2'. The end is more noble than the means to the end. But the life of glory is the end of grace. Therefore, it is more noble. Consequently, when used without qualification, life should be understood as referring to the life of glory. Hence, the book of life used without qualification is concerned only with the life of glory.
REPLY:
The book of life means the enrollment of someone who will obtain life as a kind of reward and possession, for men of this sort are customarily enrolled in something. Now, a thing is said to be a possession, properly speaking, when it can be had at one's command; and such a thing has no defects. Consequently, the Philosopher says that knowledge had about God "is not a human possession" but divine, because only God knows Himself perfectly, while man's knowledge of God is necessarily defective. Thus, life will be had as a possession when through life all the defects opposed to life are excluded. Now, this is what the life of glory does; it excludes all death, spiritual as well as physical, so that there remains not even the possibility of dying. The life of grace does not do this. Consequently, the book of life does not concern the life of grace without qualification, but only the life of glory.
Answers to Difficulties:
1. Certain causes are more noble than their effects, namely, the efficient, formal, and final causes. Hence, what exists in these causes exists in a more noble manner than what exists in their effects. On the other hand, matter is less perfect than its effects.
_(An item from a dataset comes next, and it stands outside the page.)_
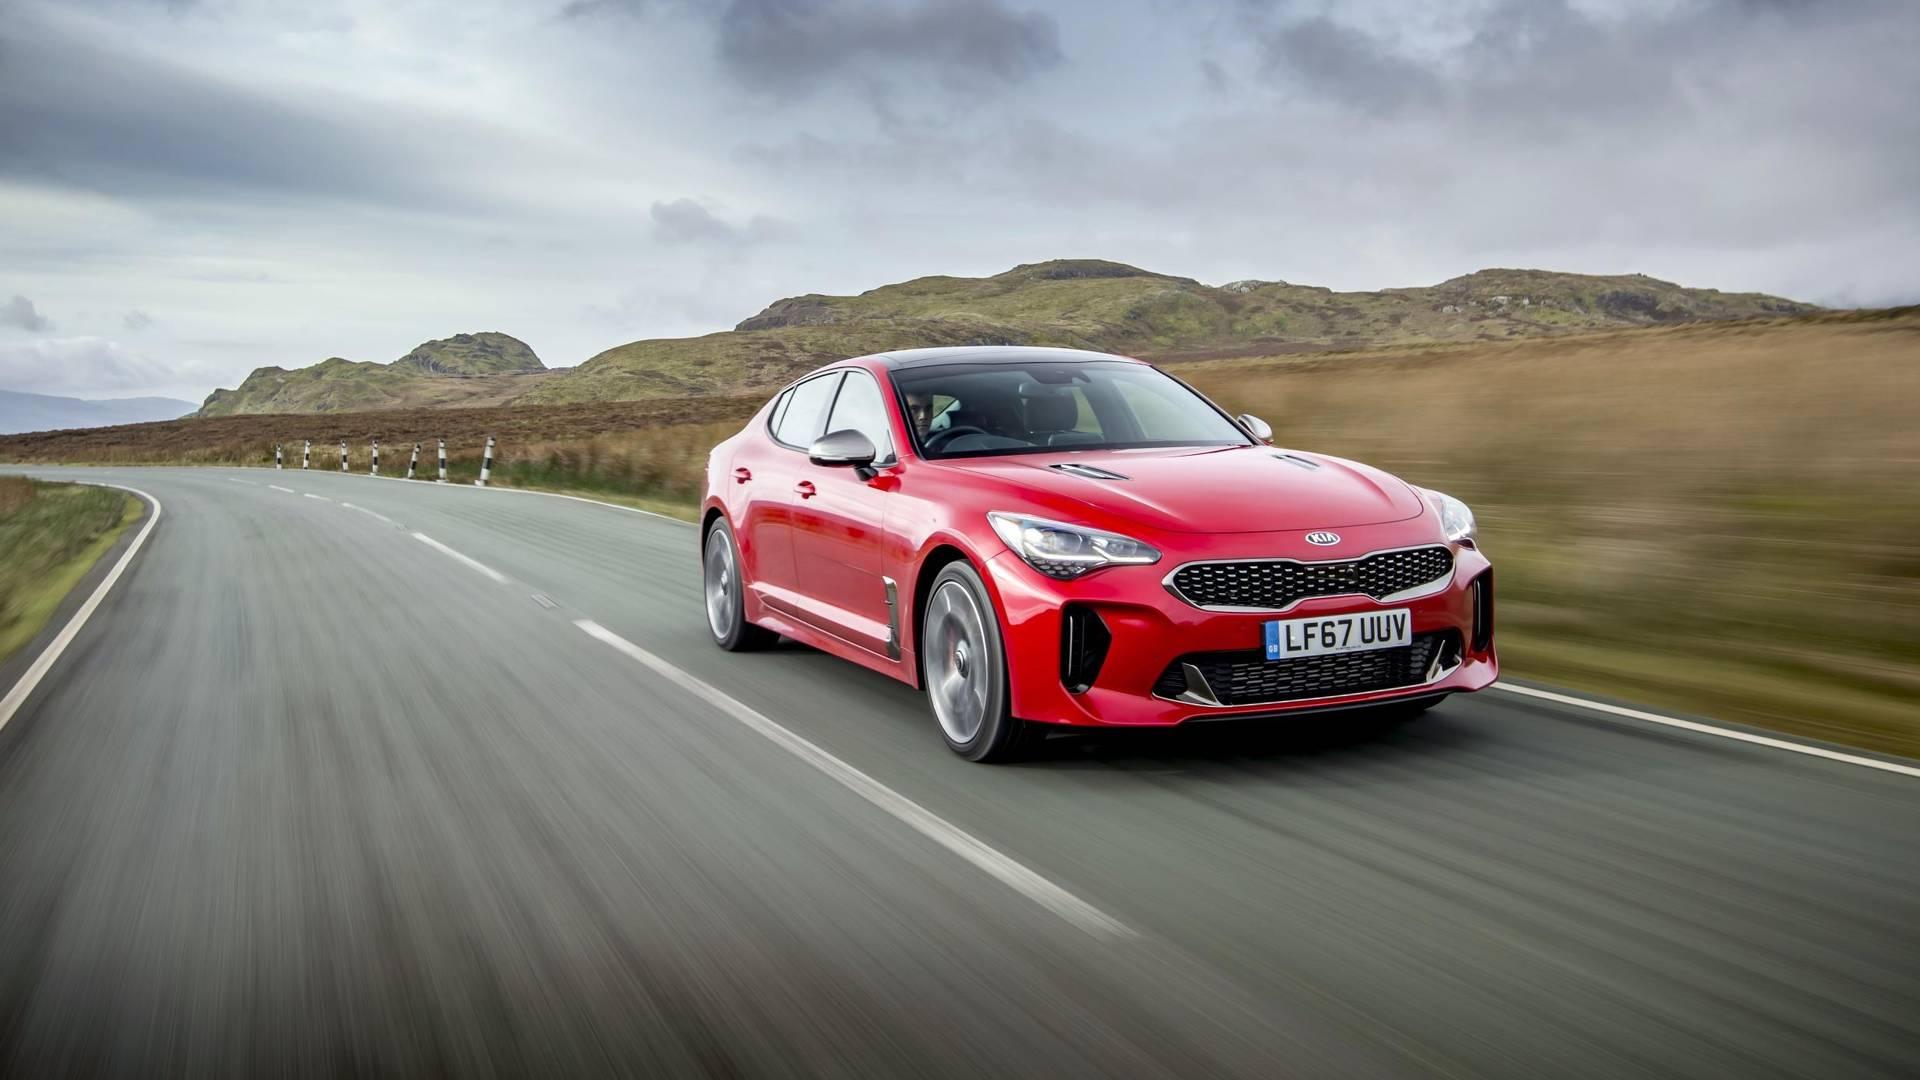 cars car stinger stinge rendering speed kia top coupe sports
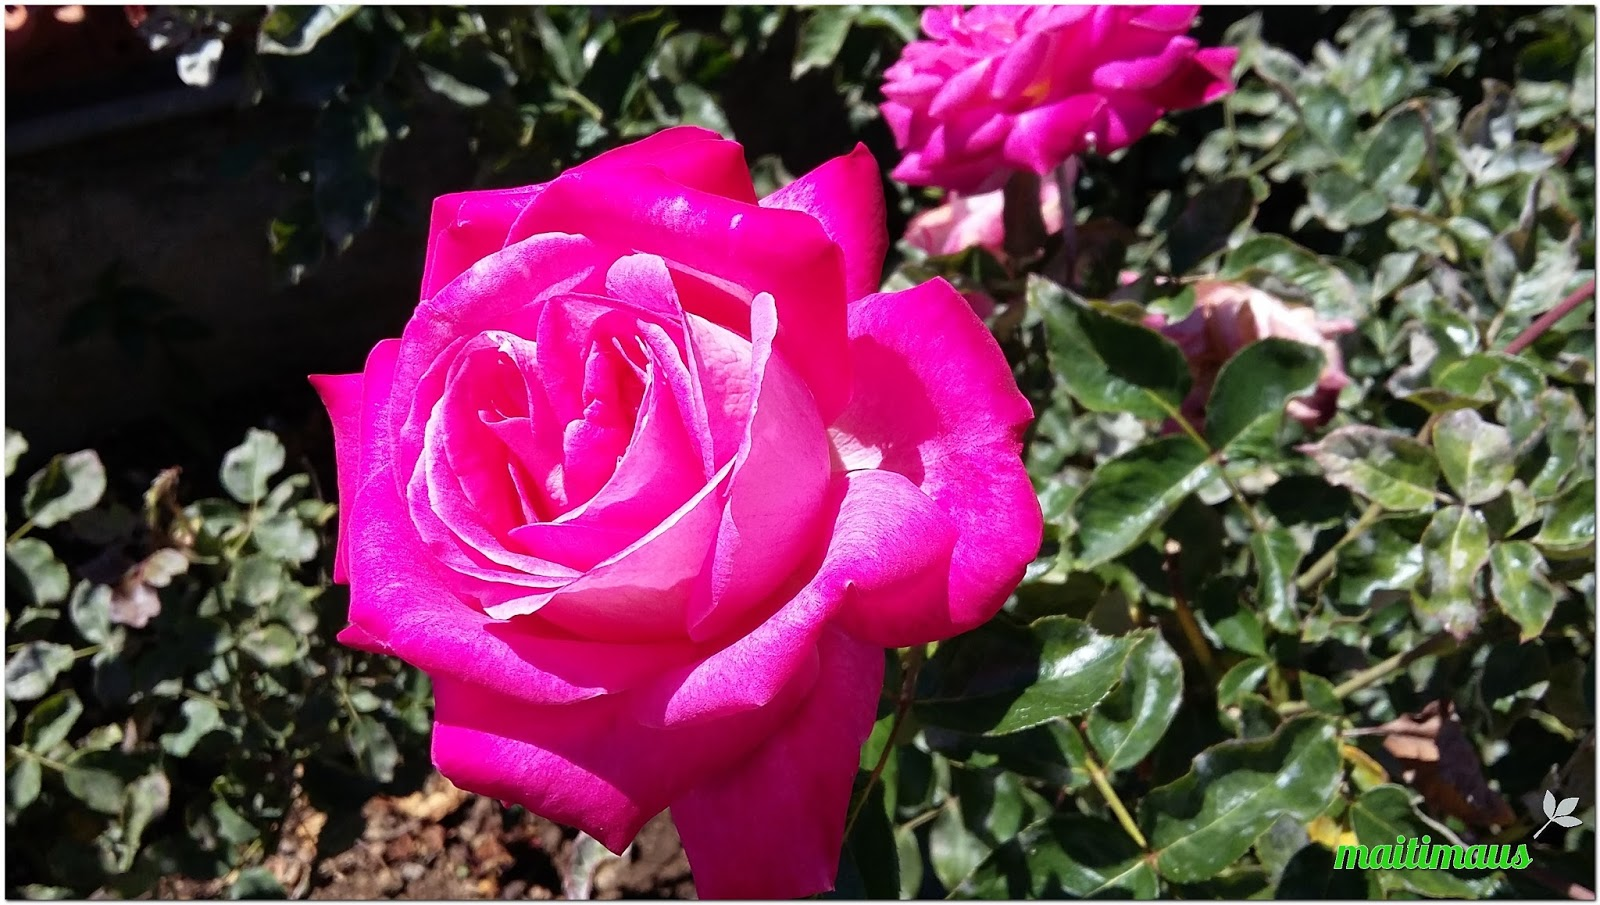 Maitimaus Platano Para Unas Bonitas Flores - Flores-bonitas-para-jardin

Consequently, a thing exists in a material cause in a less noble manner than it does in the effect of this cause; for in matter it is incomplete and potential, but in the effect of the material cause its existence is actual.
Now, every disposition that prepares a subject to receive a perfection can be reduced to the material cause; and it is in this way that grace is the cause of glory. Consequently, life exists in glory in a more noble way than it does in grace.
2. Predestination does not concern grace except as grace is ordained to glory. Hence, to be predestined belongs only to those who have final grace, upon which glory follows.
3. Although those who possess the life of grace are citizens of the Church militant, the condition of the Church militant is not one in which life is possessed fully, because the possibility of dying still remains. Hence, the book of life is not spoken of in relation to these individuals.
4. Although in the line of generation, the life of grace is prior to the life of glory, nevertheless, in the line of perfection the life of glory is prior--just as the end is prior to the means to the end.